Spellbound: A World in Flux there. Her piece, “Walking on the Frozen Concord River,” features Altmann in a red coat walking over the icy river. “I thought I was going to die,” said Altmann about the filming process of the video.

“My creative process varies depending on the project. I basically just see things that I like and start building video footage around it.” Many of Altmann’s pieces in the Spellbound exhibit involve water: frozen or moving, shallow or deep. She transports the viewer from below the surface to above the surface, from summer to winter.

“Madeleine is actually capturing something that is uniquely her’s,” said Eric Marciano, 56, a filmmaker and media creator from New York who visited Altman’s exhibit on its opening day Nov. 7. “ It’s her family, it’s her dog, it’s her Concord river, it’s her yard. She's doing something that hasn't been done before and that’s neat.”

In 1981, Altmann studied video art at Hampshire College, where she earned her Bachelor of Arts before receiving her Master of Fine Arts from San Francisco Arts School. While in San Francisco, Altmann had a longstanding variety television show, MVTV. She produced, directed, and even hosted 52 live episodes featuring performance art and entertainment. “They are really crazy shows and I haven’t seen anything on television quite like it,” said Altmann.

“You might be thinking ‘Oh my god, this lady is (expletive) crazy.’”

Art was not an easy profession for her to pursue, especially when she was trying to raise her son Otto and daughter Ava. “I got kind of turned off by the art scene, there’s a lot of ego, a lot of politics, and there’s not a lot of money to make it worth it at that time in my life,” said Altmann.

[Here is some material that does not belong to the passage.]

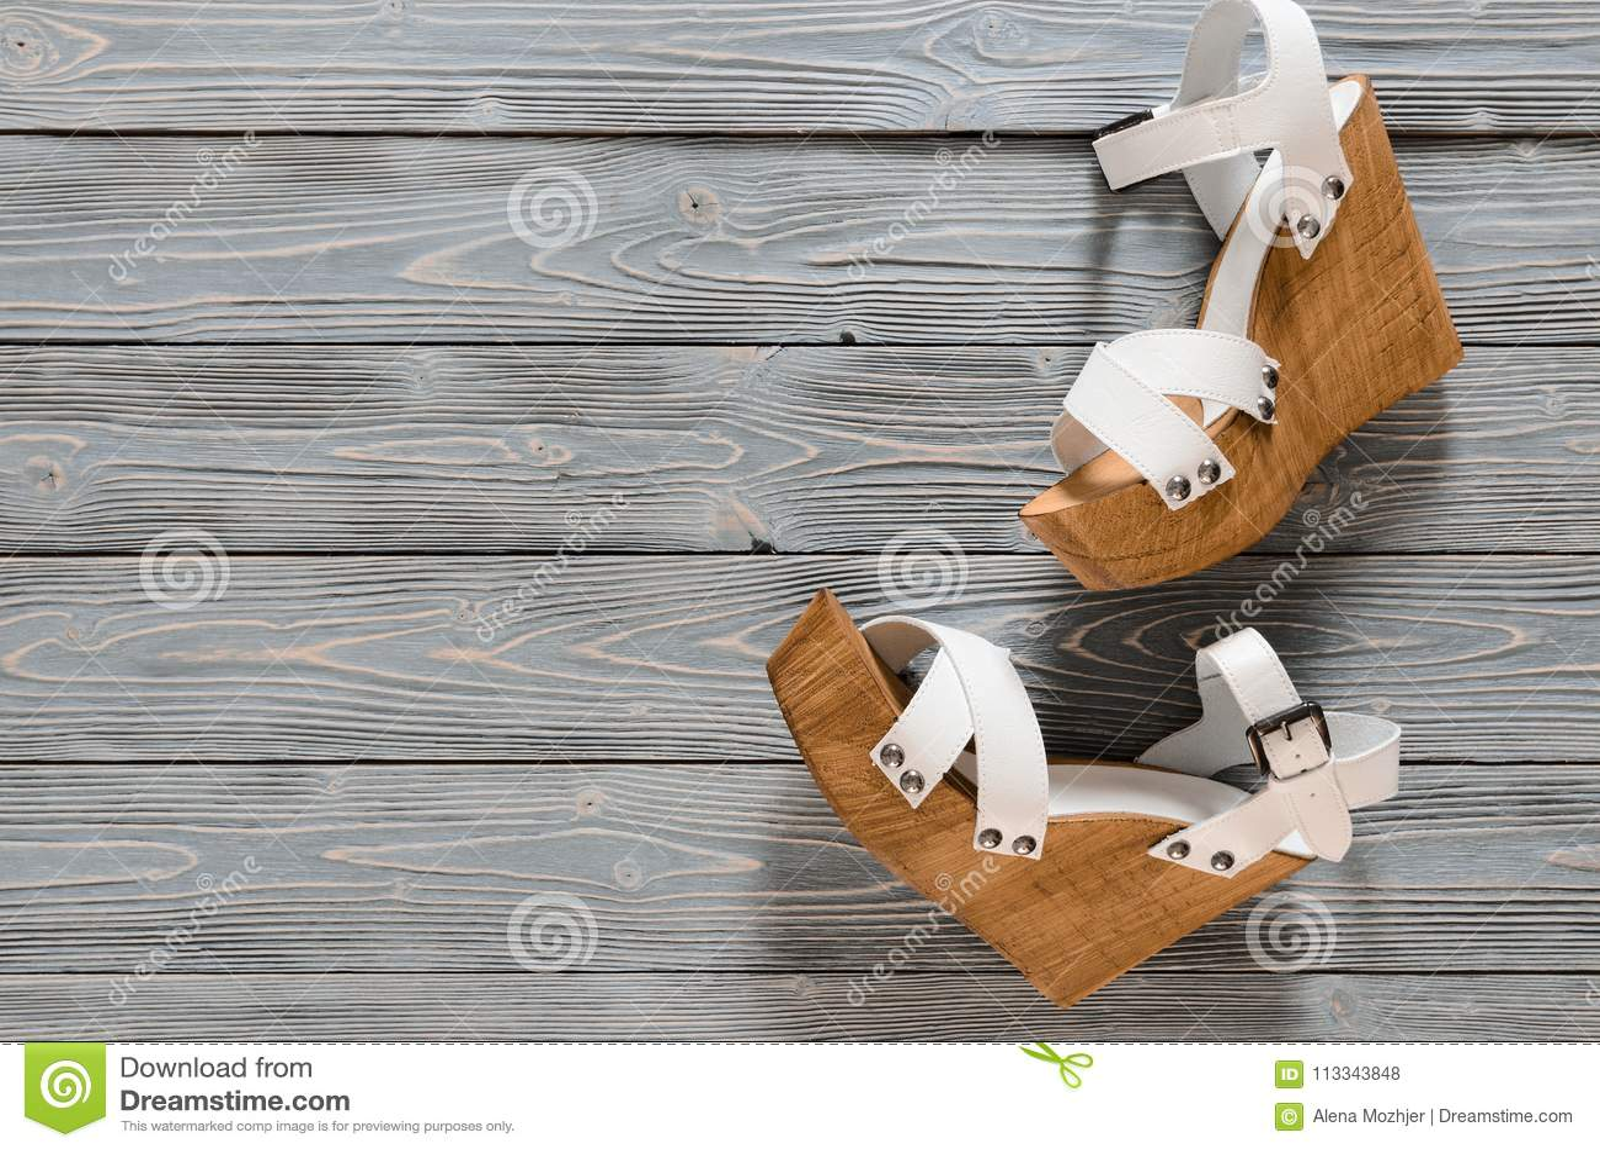 6c9eddae4e Womens Shoes Crisscross Wood Platform Wedges On Grey Wooden Ba Stock ...

Because of this, Altmann decided to pursue commercial television production, which is when she earned her

Professional Masters in Interactive Telecommunications from New York University.

She worked as a director in PEG television for several years, while remaining close to home for her family.

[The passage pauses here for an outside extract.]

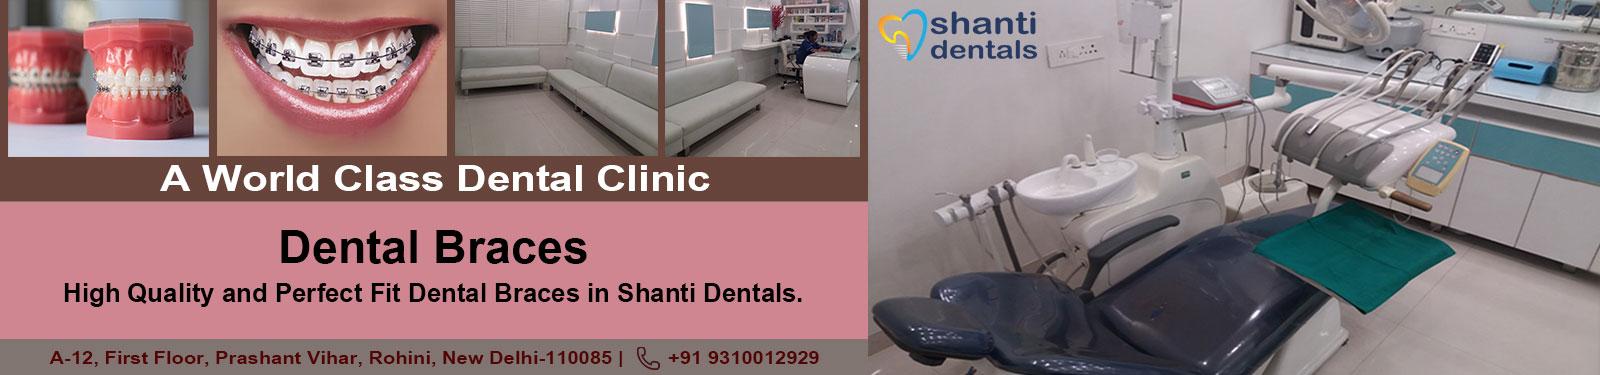 Dental Braces Care in Rohini Delhi By Shanti Dentals

“One of the things I wanted to capture was the art of walking,” Altmann said. “It seems effortless and natural-like, like, ‘Oh, you're just videoing her walking,’ but it’s really not. The thing with video is that whatever is going to go wrong is going to go wrong. There are so many moving parts, the wind, the light, the camera, the boat, the shaking, the vibrations of the motor.”

“I want it to be playful. I don’t want it to be demanding on the viewer.” And playful is exactly what Altmann’s piece filmed at Drake’s Island in Maine, embodies. Using a Go Pro in 4 K, Altmann recorded children at the beach jumping over a puddle-immersed Go Pro. “There was something lovely and innocent about that.”

Her art is reflective, it is relaxing, it is symbolic, it is almost paradoxical. Magically portraying natural scenery in a technological format, a format that has been discarded but Altmann revitalized. The monitors were rescued from the trash of television stations and city building and then Altmann’s partner and husband Andreas Uthoff constructed the mobile sculptures.

Several of Altmann’s installations are, as Nalband said, “just plug and play. It can be set up anywhere, at then end of a hallway, in your dorm, in a business, in a hospital. It’s very soothing.”

Not all of Altman’s work is joyful. “Black Ice,” which immerses the viewer into the depth of icy darkness where reflections of faces gradually appear, is a tribute to her brother who died in May. She said she was inspired by David Thoreau’s “A Week on the Concord and Merrimack River,” which was a tribute to his dead brother and she describes her piece as “lost memories or ghosts trapped deep in the recesses of the ice and of the mind.

“What art is and what she's doing is expressing oneself,” said Marciano. “She’s expressing herself through this medium. She’s got a style and she’s choosing a subject matter that she's comfortable with and it seems to be organically appealing to herself.”

Altmann hopes viewers can relate on a personal level to her work, whether they see faces of their lost ones in “Black Ice,” or feel the joy once again of being a child jumping over puddles.

“I just want to make it as accessible as possible,” she said. “I honestly want people to enjoy it.”